Разглядывая аккуратные дома и палисадники, довольно быстро вышла за пределы городка и очутилась в загадочном месте. Огромное поле совершенно непонятного назначения, неогороженное, какие-то полосы, столбики, невысокие холмики с дверями — я бродила по нему с полчаса, пытаясь сообразить, для чего все это, но фантазии не хватило.

 За завтраком в саду я рассказала о своих изысканиях и услышала, что это военный аэродром, на котором раз в полгода проводятся учения—мой легкий столбняк вызвал улыбки; ни забора, ни охраны, no comment, швейцарцы расслабились до беззаботности, вызвавшей у меня культурный шок, к счастью, не помешавший аппетиту.

Еще один культурный шок подстерегал меня лет через десять, когда мы с братом целый день шлялись в окрестностях Рейнского водопада и вернулись на станцию, чтобы сесть на поезд. Обратные билеты у нас были, но от нечего делать я стала осматриваться по сторонам и с изумлением обнаружила, что ни кассы, ни билетных автоматов нет и в помине.

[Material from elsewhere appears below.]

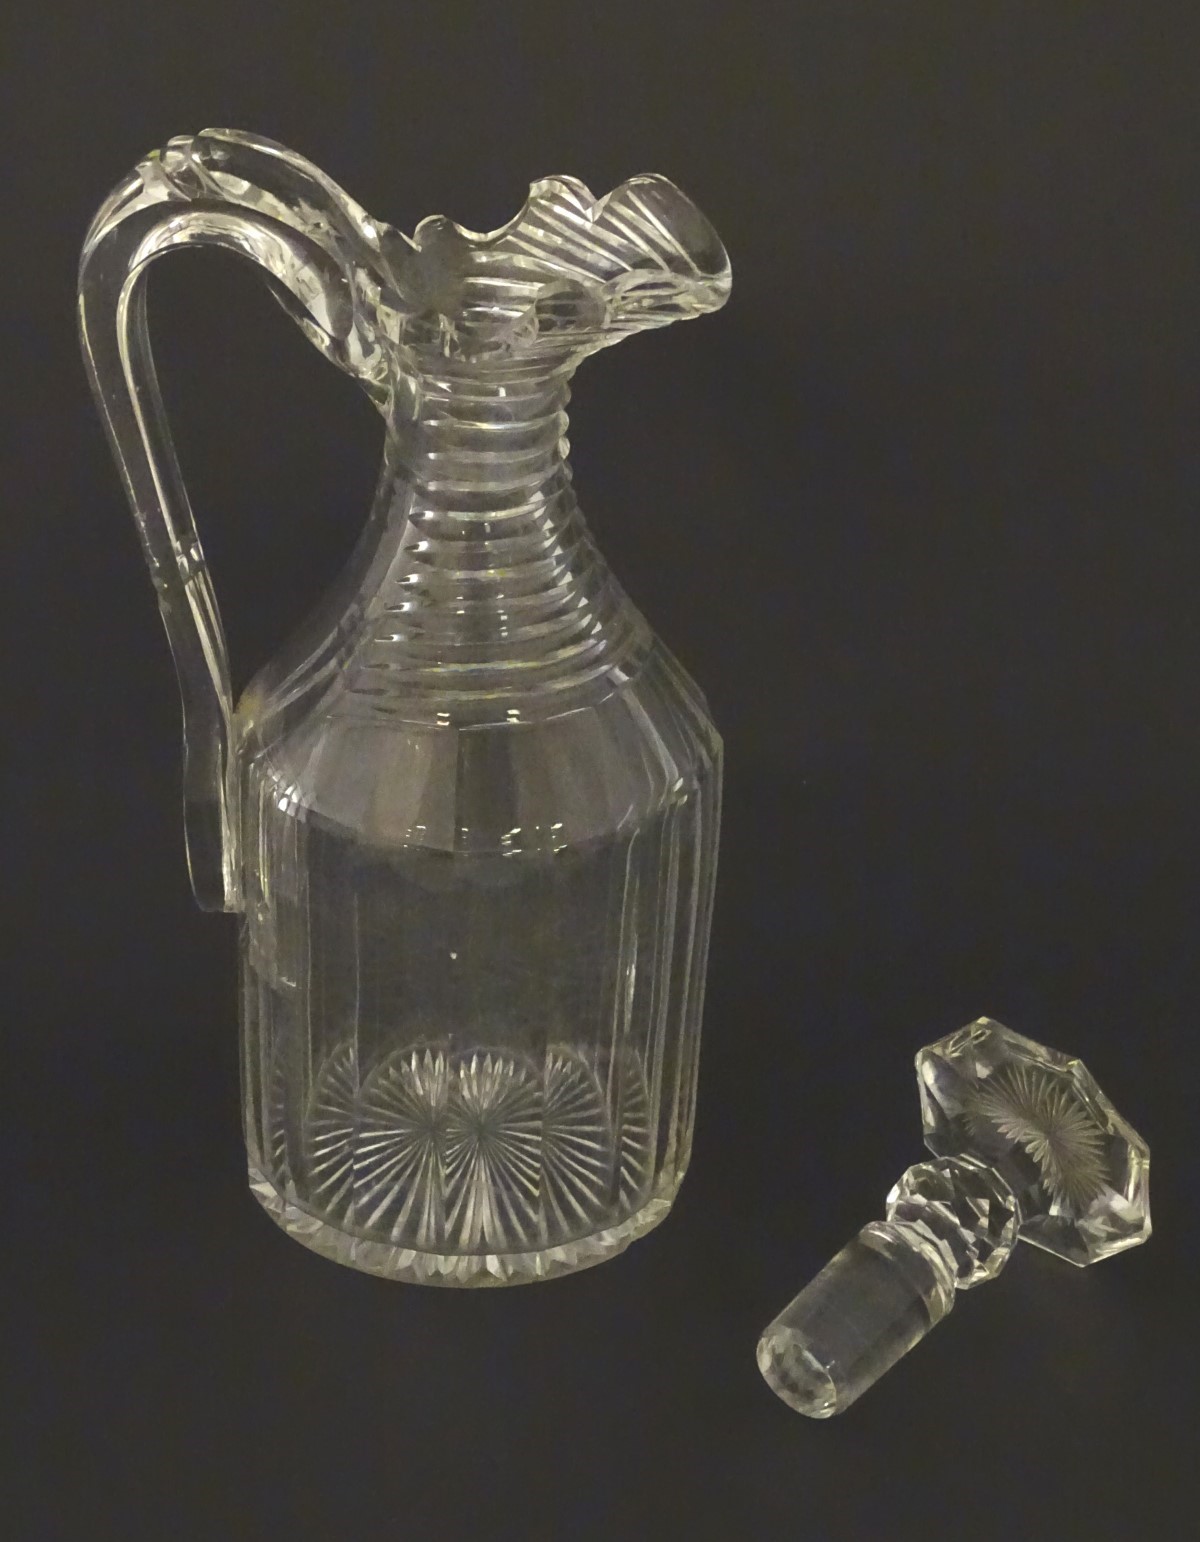 A 19thC Irish cut glass decanter and stopper, having a panelled body with ribbed neck, - Image 4 of 6

Занявшись еще более детальным осмотром, я обнаружила надпись на немецком и английском: «Пожалуйста, купите билет, когда приедете на конечную станцию». Боюсь, во многих странах подобное объявление воспринималось бы, в лучшем случае, как неуместный всплеск черного юмора или циничная издевка.

Еще через день я сидела на берегу Цюрихского озера, пока мой брат наматывал вокруг него свои сто километров на велосипеде, и наслаждалась теплым пасмурным днем, свечение которого стекало на поверхность воды утонченными сиренево-розовыми бликами; за моей спиной ненавязчиво шумел город банковских гномов, а шаги и говор немногочисленных прохожих органично вплетались в этот шум, придавая ему прихотливый человеческий шарм.

Я отдыхала от всего — от себя, от истории, культуры, политики, черта, дьявола, власти мелочей и общественного мнения, я пыталась добраться до дна собственного «я» и постучать снизу, чтобы встретиться с голой сутью своего присутствия в этом мире — подробности встречи оставляю при себе, ибо банальность помножена на сокрушающую откровенность, которую трудно вынести даже при пересказе, но кое-что я все-таки вы пустила на свободу.

В этом месте я презентовала Европе свою улыбку — нежную и полную иронии, обоюдоострую и обольстительную улыбку-эпоху, в которой здравый смысл и равенство возможностей наблюдают за общим коловоротом, где козлоногие сатиры меняются местами с римскими легионерами и провансальскими трубадурами, а нимфы посылают лукавые взгляды алхимикам, кардиналам и байкерам на черных мотоциклах.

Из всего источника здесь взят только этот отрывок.